6.30More generally, we will continue to follow the negotiations on the EU Coronavirus Recovery Fund and the EU’s long-term budget closely. We intend to focus primarily on those elements which remain relevant for the UK post-withdrawal (in particular the EU funding programmes in which the UK is seeking continued participation, and the economic impact of the Common Agricultural Policy on British farmers).
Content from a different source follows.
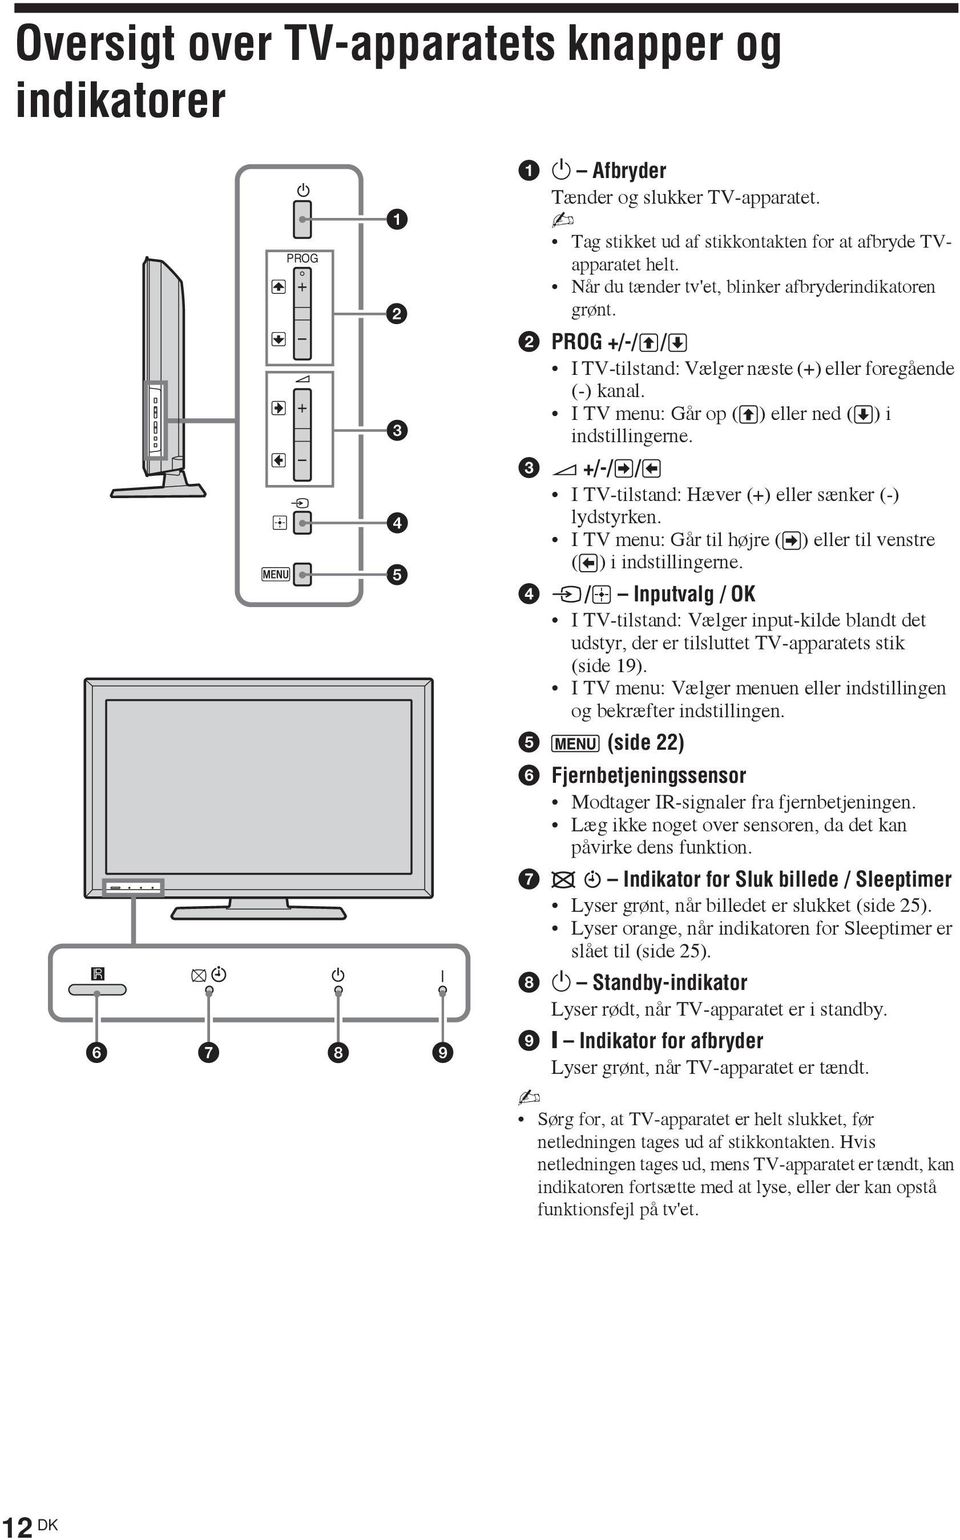 3 2 +/-/ / I TV-tilstand: Hæver (+) eller sænker (-) lydstyrken. I TV menu: Går til højre ( ) eller til venstre ( ) i indstillingerne.

We will make further Reports to the House as and when appropriate.
6.31We also draw our summary and assessment of the Recovery Fund to the attention of the Business, Energy and Industrial Strategy Committee, the Committee on the Future Relationship with the EU, and the Treasury Committee.
The EU Coronavirus Recovery Instrument: options for UK participation in the “InvestEU” programme
Thank you for your Explanatory Memorandum on the European Commission’s proposals of 27 May 2020 for a €750 billion EU Coronavirus Recovery Instrument. We have taken note of your confirmation that the UK will not be required to contribute to this new EU fund and, as a consequence, will also not receive any financial support from it. The Committee nevertheless considers that the Recovery Instrument may have political and economic implications for the UK, as we will set out in our forthcoming Report.
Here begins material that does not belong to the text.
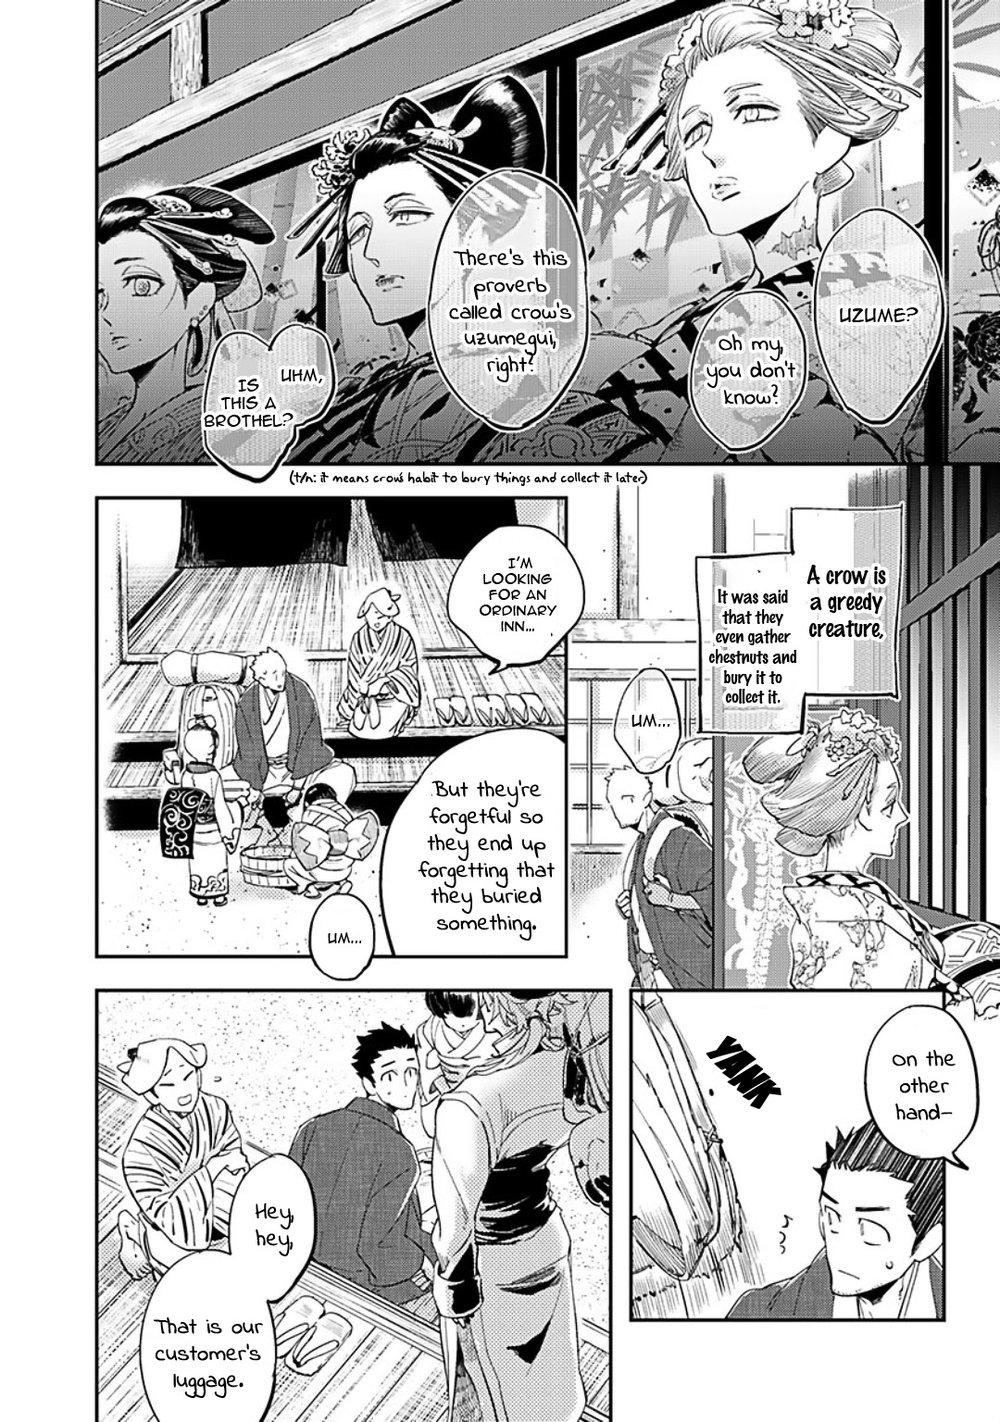 Spooning Uzumegui Hardcore - Page 2

The Committee has also asked me to raise a specific issue with you in relation to one particular element of the Coronavirus Recovery Instrument: the draft “InvestEU” programme, which builds on an earlier proposal released in 2018 as part of the EU’s next long-term budget for the 2021–2027 period.
As you will be aware, this scheme aims to leverage hundreds of billions of euros in capital for key sectors of the European economy, by providing investment and loan guarantees from the EU budget for the European Investment Bank (EIB) and other financial intermediaries. This would incentivise them to make investments that would otherwise be considered too risky, especially in the current economic climate. The guarantee, to be provisioned for in a multi-billion euro Guarantee Fund financed primarily by the Recovery Instrument, would be used to increase investment in five “windows”: public infrastructure; research and innovation; small businesses; social investment and skills; and — in response to the COVID crisis — a “strategic investment” window for projects in areas such as healthcare, critical infrastructure and security.
Notably, Article 5 of the draft InvestEU Regulation allows non-EU countries to participate in the programme, withthe exception of the strategic investment window. This means that, in return for a financial contribution to the Guarantee Fund — of a size to be agreed jointly by both sides — other countries would be eligible for investment from the European Investment Bank under the four aforementioned “windows” of the scheme (whereas the EIB normally invests primarily in EU Member States). The precise link between the size of the contribution and the share of investment a non-EU country could expect to receive under the scheme would be a matter for negotiation.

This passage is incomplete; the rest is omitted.